The microservices are:

  • Audit server: we prototyped a feature on our website to allow crowd-sourced auditing of or data. Users would visit the audit page of the site, we would select a specific scraper for them to audit. Once selected, we would show the scrapers current data as well as open an iframe containing the scraper’s url so users can verify that each datapoint we were extracting from the source was correct. Users could then fill out a form on the website. The form’s contents were sent to this audit server and logged in our database. It didn’t gain traction or make it out of PoC

  • clean_swagger: the swagger file generated by PostgREST is a little messy. We have simple python service that obtains the raw PostgREST swagger.json and cleans it up before returning to places like the client library, website, or postman collection.

  • client-microservice: we are about to launch a dataset customizer feature to our web page. This is basically a GUI version of the client libraries. On the website users can select which datasets they’d like and what filters (e.g. geography, time windows) they want to apply. Once the request is built up by web users, the site sends a request to this microservice, which is a very thin wrapper around our Python client. The Python client will request the data, prepare the return and send back to the frontend for a clean/custom download

  • latest_downloads: we have a download csv feature on the website. This is similar to CANs API and is a thin layer that sits on top of a cloud storage bucket. We had user feedback that we wanted to customize the filename of the downloaded files to include the date the data was downloaded. This latest_downloads microservice gets a request for a particular dataset to download, fetches the most recent version of that from cloud storage bucket, and then returns it to the user with the current date added to the file name. Probably overkill to have a whole microservice for this, but it weighed in at less than 40 lines of code, so it was a pretty easy solution to implement and maintain.

  • metrics-from-kong: this microservice implements our custom logging middleware. All requests to the API are relayed from Kong to this micro service where we can process the request and store the output in our database

  • nha_data_injest: this is a microservice that handles scraping data from the Nevada Health association pdfs CAN has been receiving.
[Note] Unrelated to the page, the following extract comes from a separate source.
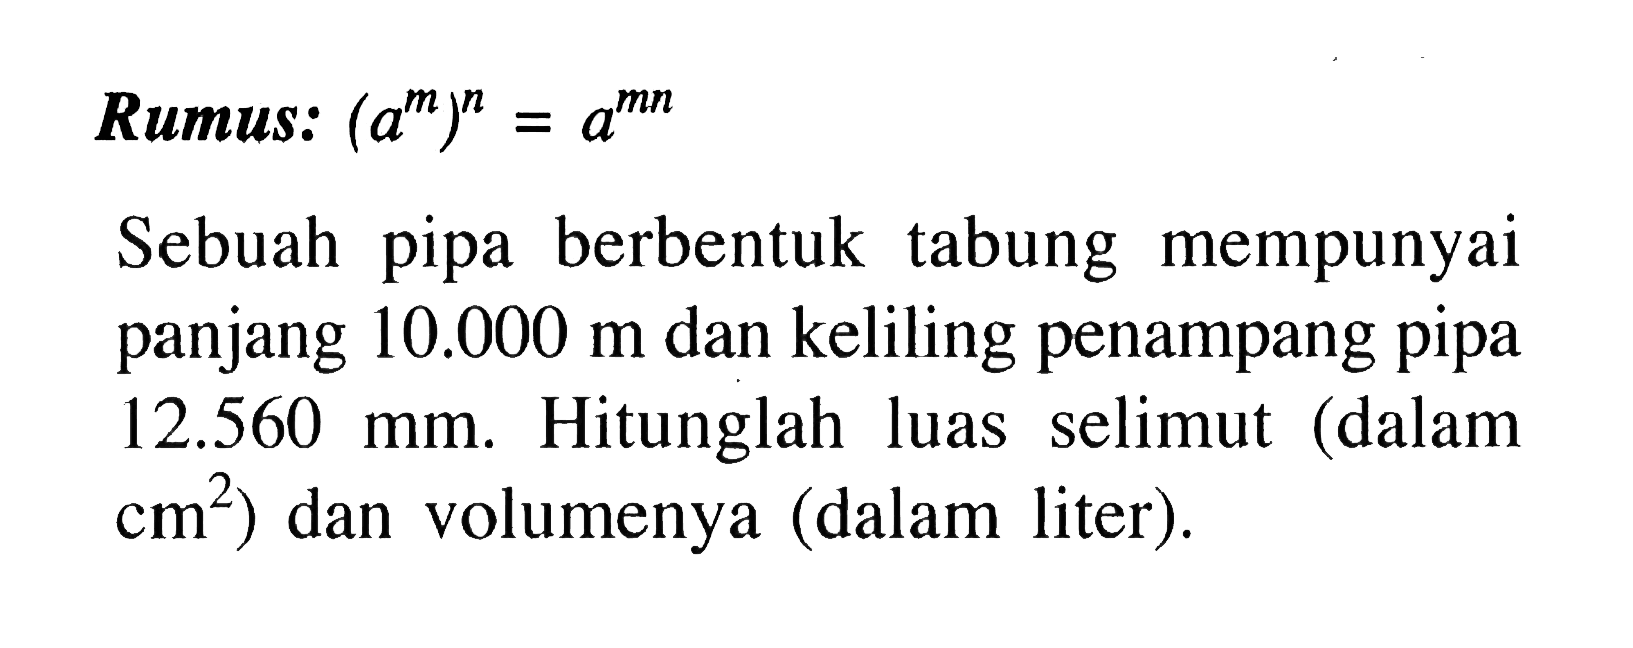 Rumus: (a^m)^n=a^(mn) Sebuah pipa berbentuk tabung mempunyai panjang 10.000 m dan keliling penampang pipa 12.560 mm. Hitunglah luas selimut (dalam cm^2) dan volumenya (dalam liter).

It wraps one of the scrapers in can_tools and exposes it as a triggerable cloud function so it can process files on demand, as they come in

  • postgraphile: This is the microservice that runs the postgraphile library providing our GraphQL API

  • postgrest: This is the microservice that runs the PostgREST library and provides our REST api

  • report_generator: This microservice is responsible for reporting when new variables first entered our database. The output is rendered at the bottom of https://covidcountydata.org/data to provide a “changelog” for when new data came into the system.

  • variable_names: this microservice provides support for the custom data downloader feature we are about to release. For each endpoint it returns a list of unique variable names contained within the dataset. This allows the front-end to allow filtering in/out variables within a dataset. It is a microservice so we can simplify front-end coding and so that this variable list can be cached by Kong and we can avoid unnecessary trips to the database for this info.